Здесь, в амфитеатре, протекли самые счастливые часы его детства, полные радостного оживления. О, эти воскресные бои быков, блужданье у решеток цирка вместе с другими ребятами из бедноты, которые не могли позволить себе истратить десять су на билет! В ярком послеполуденном солнце им лишь издали, словно мираж, маячило запретное зрелище, они старались уловить взглядом то немногое, чего не скрывали от них толстые стены, — ноги торреро в ярких шелковых чулках, врезавшиеся в песок копыта разъяренного быка, пыль с арены, долетавшую до них вместе с криками, смехом, аплодисментами, мычаньем, рокотом переполненного народом амфитеатра. Желание попасть внутрь пересиливало все. Самые смелые ловили момент, когда сторож отходил, и проскальзывали в цирк между двумя железными стержнями решетки.

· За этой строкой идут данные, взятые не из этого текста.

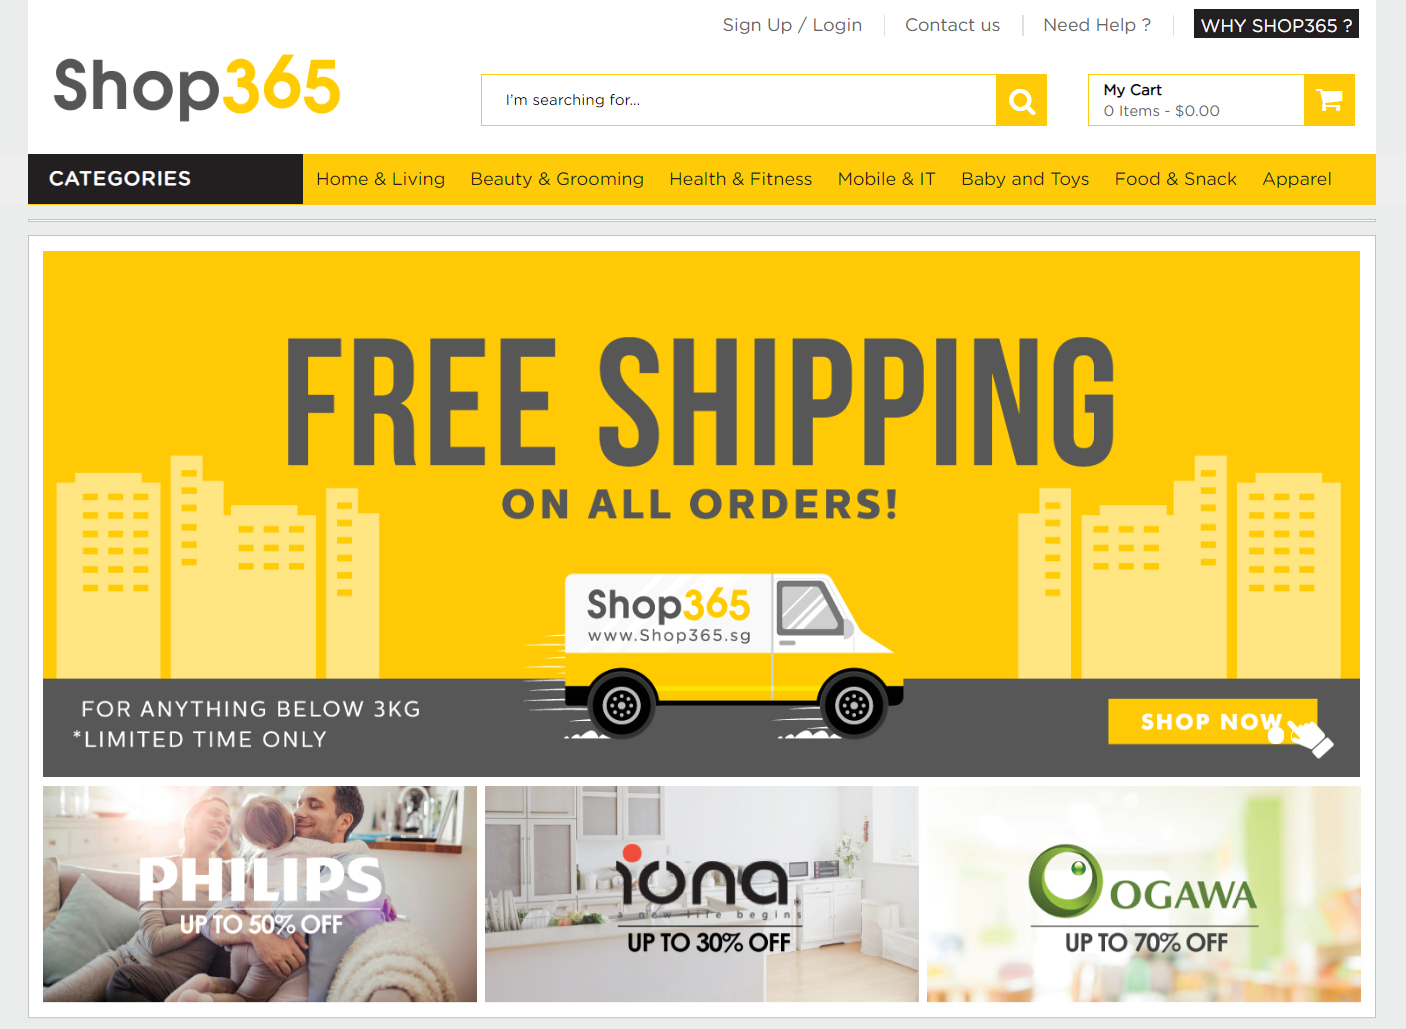 Top 10 Shopping Sites in Singapore - Shop365

— Я-то всегда пролезал! — похвастался просиявший от этих воспоминаний Руместан. Произнесенные им слова определяли всю историю его жизни: удача ему помогала или ловкость, но, как бы узка ни была решетка, провансалец всегда попадал, куда хотел.
— Впрочем, — добавил он со вздохом, — я тогда был тоньше, чем сейчас.
Он с комической грустью перевел взгляд с узких решеток, замыкавших аркады цирка, на широкий белый жилет, расходившийся над его сорокалетним брюшком.
За огромным зданием, укрываясь от ветра и солнца, их ожидала карета.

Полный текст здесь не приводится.